Source: Boeing Scatterplot; Creative Commons: http://en.wikipedia.org/wiki/File:Airbus_and_Boeing_Passengers_vs_Range.png
This is your tutorial on scatterplots. Scatterplots are a particular type of graph. With a scatterplot, you have both an x and a y-axis. And on each axis is a piece of quantitative data or rather a variable that is quantitative.
So what you're doing is you are comparing two different variables on one graph. Now the coordinate point, so when you go over 4 and up 5 and place a dot, that point there is telling you what the values are for that one point. So it tells you what it is for variable 1 and for variable 2.
Now the information can be about people, places, things, whatever you've collected your information for, as long as it's quantitative. A great thing about the scatterplots is that you can easily show multiple data sets onto one plot. Now the way this is done is by using different symbols to represent the different data sets.
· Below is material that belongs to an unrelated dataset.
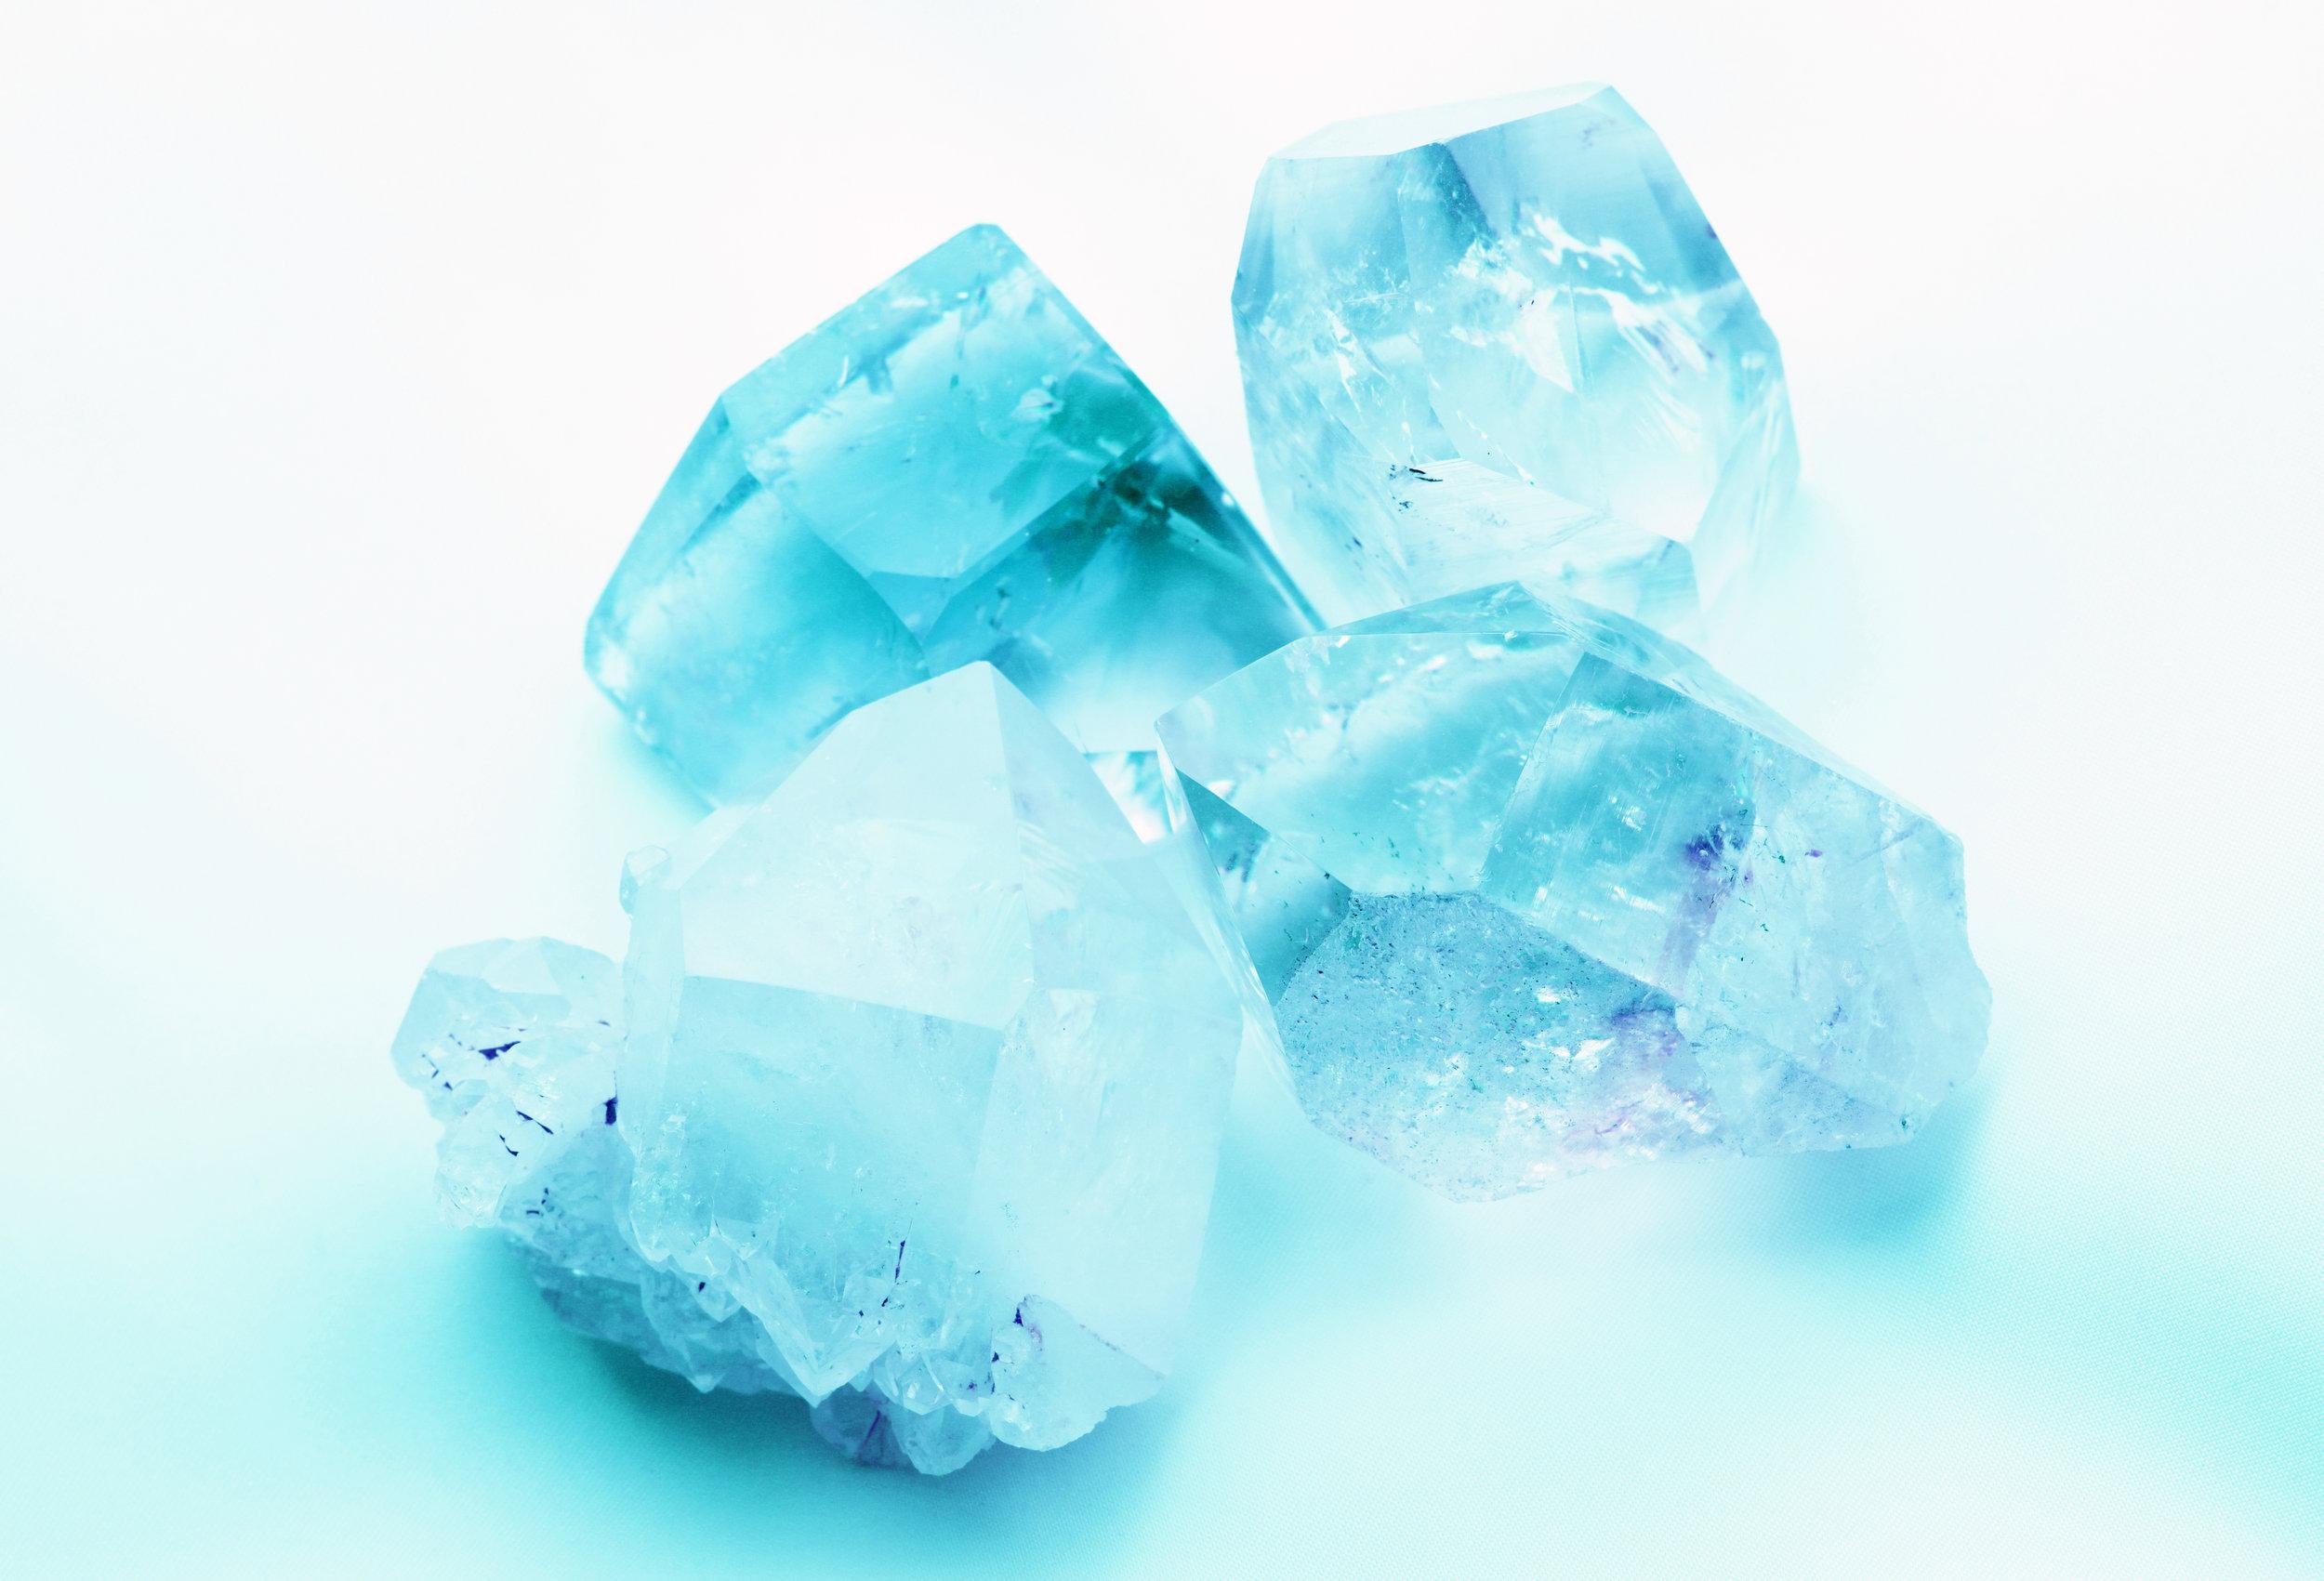 Aquamarine in rough crystal form.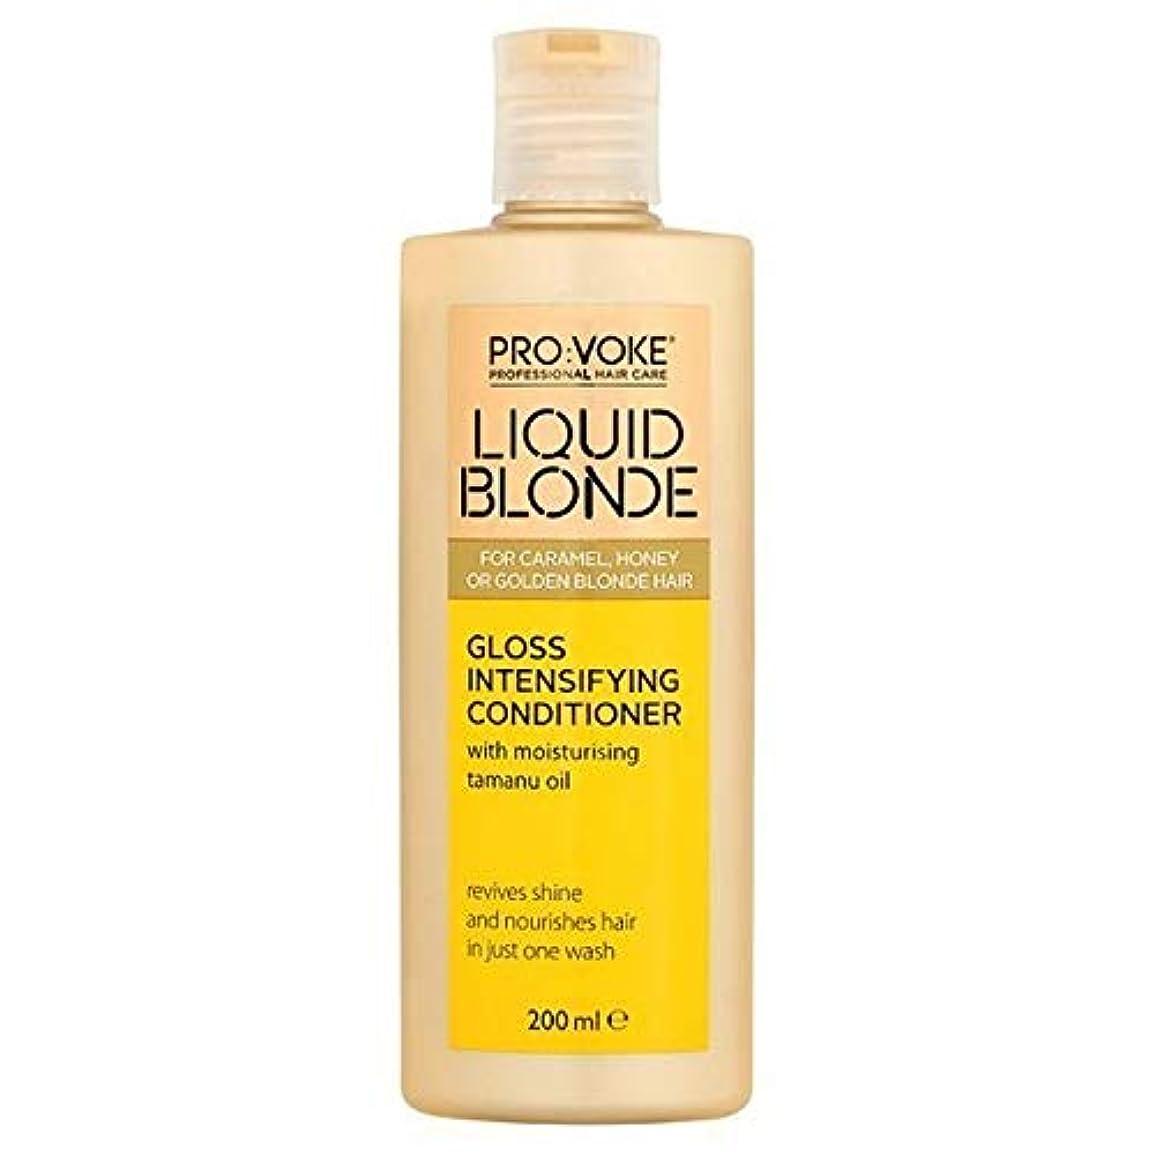 マーケティング流暢冊子[Pro:Voke] プロ:Voke液体ブロンド強烈な輝きコンディショナー - PRO:VOKE Liquid Blonde Intense Shine Conditioner [並行輸入品]

We'll see an example of that. And we'll also go through an example of making a scatterplot.
So here, this information is telling us the age of a child and the height in inches. And we have age 1, 2, 3, 4, 5, and 8, and then the corresponding height for the children of those ages. Now when you have your scatterplot, you have an x-axis and a y-axis.
And your variables, one is going to go on each. A later tutorial will cover more about how to decide. But in this case, I'll just do it. We'll put age down here and have height on the y.
Now it's important to think about the fact that when we have our axis, we know that it's going to be age. But we have to decide how we're going to label the age. Now we have to do our spacing evenly.
So even though we skip from 5 to 8, when I'm labeling, I shouldn't do 1, 2, 3, 4, 5, 8. Because that's not even spacing. So if I'm going to do 1, 2, 3, 4, 5, I've skipped 1 each time. So I have to do 6 and then 7 and then 8.
Now what I'm trying to do to the height, I need to go from 25 up to 55. So I need to fit that span on this axis here. So you can do a couple of things. You can start from 0 and then count by 5s or 10s, or you can have a break in your graph.
Sometimes putting breaks in your graphs and starting counting from 20 can be misleading. So I choose not to do that. I'm going to count by 10s. So we have 10, 20, 30, 40, 50. Now when I'm placing my tick marks, I'm just estimating. But you should measure it out and make sure that it's properly and perfectly evenly spaced.
So now I have to plot my points. So for the first one, the age is 1, and the height is 25. So I'm going to go over to 1 and then up to about where 25 is. Then 2, 31, 3, 34, 4, 36. And see how I'm already up almost in line with the 40, that means I haven't done a good job estimating. So I'm going to try to get the 3, 34 a little bit lower. The 4, 36 a little bit lower, 5, 40. Now when you're making your graph, it is important to readjust like that if you notice you've been estimating poorly.
And on the last point, we're going to go over to 8. And then, oh, I only made my axis up to 50. But I need 55. So I'm going to add on 60. So that I can graph over 8 and up 55. Now you can adjust your graph as you're going if you realize you need more numbers, or if you have estimated poorly. So this is going to be our scatterplot for age versus height. You don't need to connect the lines. You just place on the points.
Now we'll see an example of multiple data sets on one scatterplot. So here, I know the points are a little bit small. But it's talking about Airbus and Boeing and comparing passengers and range. So we have range going across the bottom in thousands of nautical miles. And across the y-axis, they have the number of passengers. So it counts 1,000, 2,000, 3,000, 4,000, 5,000, and so forth.
Now what they've done is they've used these little red squares to indicate Boeing. And there's a key down the bottom that tells us that the red square is for Boeing. And then the other set of data, the blue diamonds, are for Airbus.
So when you have multiple data sets on one scatterplot, it's important to choose symbols that are different, choose symbols that are different enough that it's easy to see. So they did diamonds and squares. But they also changed the color.
And then you also need to give a key. So you need to tell us what this blue diamond means versus what this red square means. So the key is going to be very important. Otherwise, you can't read all the information from your multiple data sets.
And then both data sets are similar. They're both talking about airplanes. And they're both comparing passengers and range. So you can't put data sets together on one graph that really have nothing to do with each other because then you're not going to be able to draw any useful conclusions, and you might be misleading. This has been your tutorial on scatterplots.